Canberra, Jan. 19: Australia”s forests are burning at a rate unmatched in modern times and scientists say the landscape is being permanentl­y altered as a warming climate brings profound changes to the island continent.

Heat waves and drought have fueled bigger and more frequent fires in parts of Australia, so far this season torching some 40,000 square miles, an area about as big as Ohio.

With blazes still raging in the country’s southeast, government officials are drawing up plans to reseed burned areas to speed up forest recovery that could otherwise take decades or even centuries.

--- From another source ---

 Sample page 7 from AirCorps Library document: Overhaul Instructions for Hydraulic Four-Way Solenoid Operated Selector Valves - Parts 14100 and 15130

But some scientists and forestry experts doubt that reseeding and other interventi­on efforts can match the scope of the destructio­n. Before the recent wildfires, ecologists divided up Australia’s native vegetation into two categories: Fire-adapted landscapes that burn periodical­ly, and those that don’t burn. In the recent fires, that distinctio­n lost meaning — even rainforest­s and peat swamps caught fire, likely changing them forever.

Flames have blazed through jungles dried out by drought, such as Eungella National Park, where shrouds of mist have been replaced by smoke.

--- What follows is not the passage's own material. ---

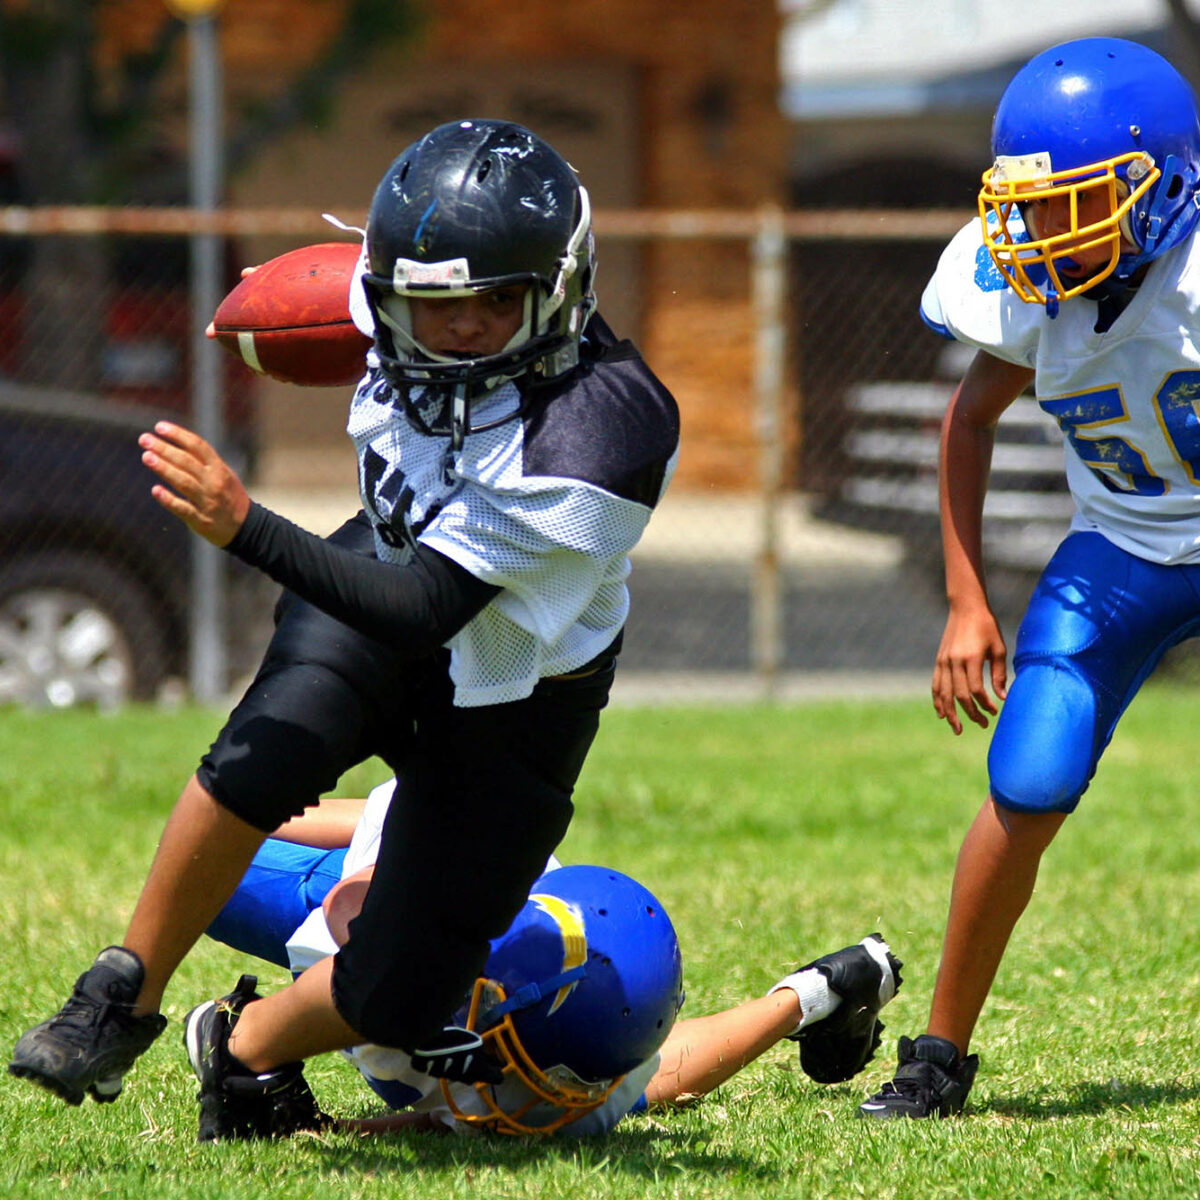 New BU Study Finds Tackle Football at Young Age Raises Risk for Brain  Decline Later, The Brink

“Anybody would said these forests have don’t

burn, that there’s not enough material and they are wet. Well they did,” said forest restoratio­n expert Sebastian Pfautsch, a research fellow at Western Sydney University.

“Climate change is happening now, and we are seeing the effects of it,” he said. High temperatur­es, drought and more frequent wildfires — all linked to climate change — may make it impossible for even fire-adapted forests to be fully restored, scientists say.

“The normal processes of recovery are going to be less effective, going to take longer,” said Roger Kitching, an ecologist at Griffith University in Queensland. “Instead of an ecosystem taking a decade, it may take a century or more to recover, all assuming we don’t get another fire season of this magnitude soon.”

Young stands of mountain ash trees — which are not expected to burn because they have minimal foliage — have burned in the Australian Alps, the highest mountain range on the continent. Fire this year wiped out stands re-seeded following fires in 2013.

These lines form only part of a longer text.